KENDARI, Kongkritpost.com- Perayaan ulang tahun daerah tak selalu identik dengan panggung hiburan dan seremoni panjang. Di Sulawesi Tenggara, momentum HUT ke-62 justru dibawa lebih dekat ke rakyat. Salah satunya melalui sunatan massal gratis yang diikuti 260 anak, Rabu (22/4/2026), di Aula Bahteramas Kantor Gubernur Sultra.
Gubernur Sulawesi Tenggara Mayjen TNI (Purn) Andi Sumangerukka hadir langsung meninjau jalannya kegiatan. Ia menyapa peserta, berbincang dengan orang tua, sekaligus memastikan pelayanan berjalan baik.
Bagi banyak keluarga, kegiatan seperti ini bukan sekadar agenda sosial.
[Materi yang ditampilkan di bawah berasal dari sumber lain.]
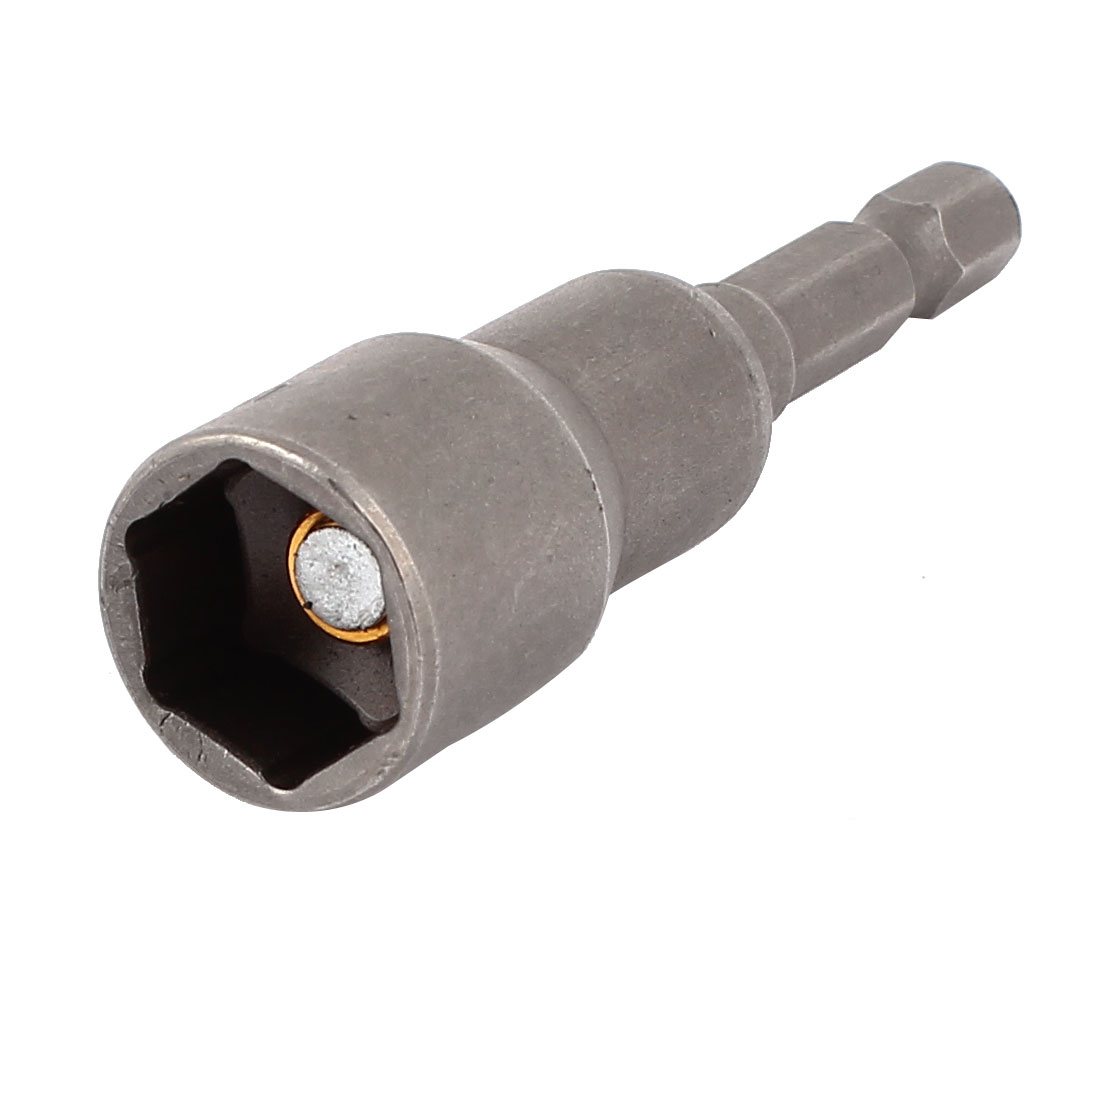 "1/4"" Hexagon Shank 13mm Hex Magnetic Nut Socket Driver Bit Adapter 65mm Long"
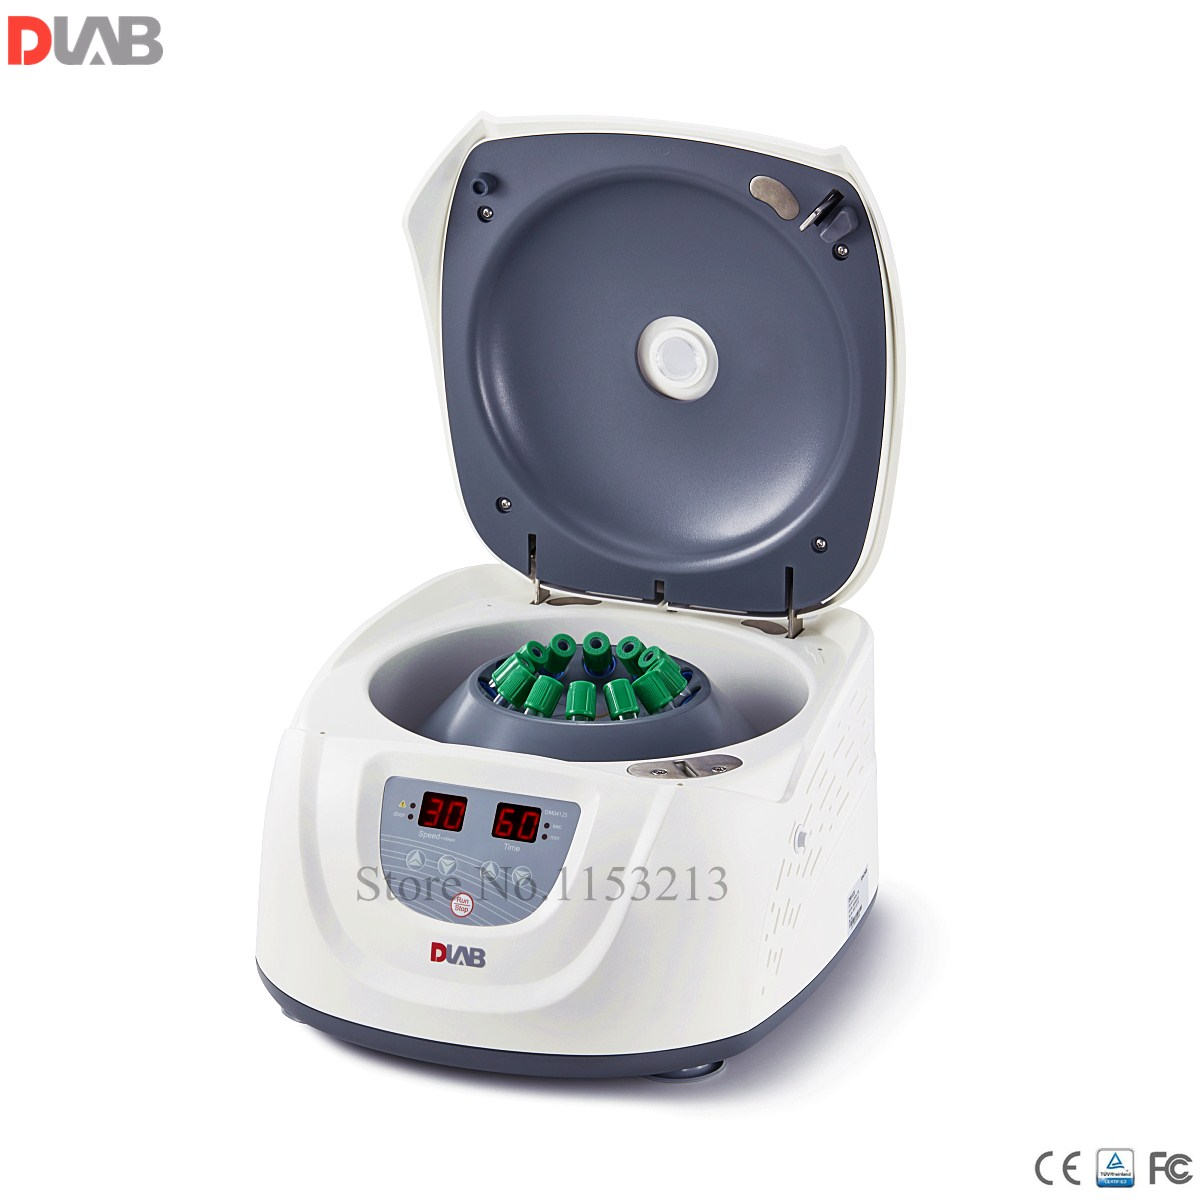 Dragón laboratorio DM0412S tipo económico clínica centrífuga 15 ml * 8 o 10 ml/7 ml/5 ml * 12 dlab lenta velocidad centrífuga 300-4500 rpm motor DC

Ini adalah bantuan nyata yang terasa langsung.
“Kita inginkan bahwa dengan kegiatan seperti ini dapat memberikan pelayanan kepada masyarakat, sekaligus membantu meringankan beban mereka, terutama dalam hal kesehatan anak sejak dini,” ujar gubernur.
Sebanyak 260 anak dari berbagai wilayah di Kota Kendari dan sekitarnya mengikuti sunatan massal tersebut. Di tangan tim medis, kegiatan berlangsung tertib dengan pendekatan ramah anak agar peserta tetap nyaman.
Langkah gubernur turun langsung ke lokasi memberi pesan jelas: pemerintah tidak ingin hadir hanya di podium, tetapi juga di ruang-ruang kebutuhan warga.
Kegiatan itu merupakan bagian dari rangkaian bakti sosial HUT Sultra ke-62 yang dirangkaikan dengan Semarak Dirgantara TNI Angkatan Udara. Selain sunatan massal, tersedia pula berbagai layanan kesehatan lain seperti operasi katarak gratis, operasi bibir sumbing, cek kesehatan gratis, dan skrining tuberkulosis (TB) yang menyasar ribuan masyarakat.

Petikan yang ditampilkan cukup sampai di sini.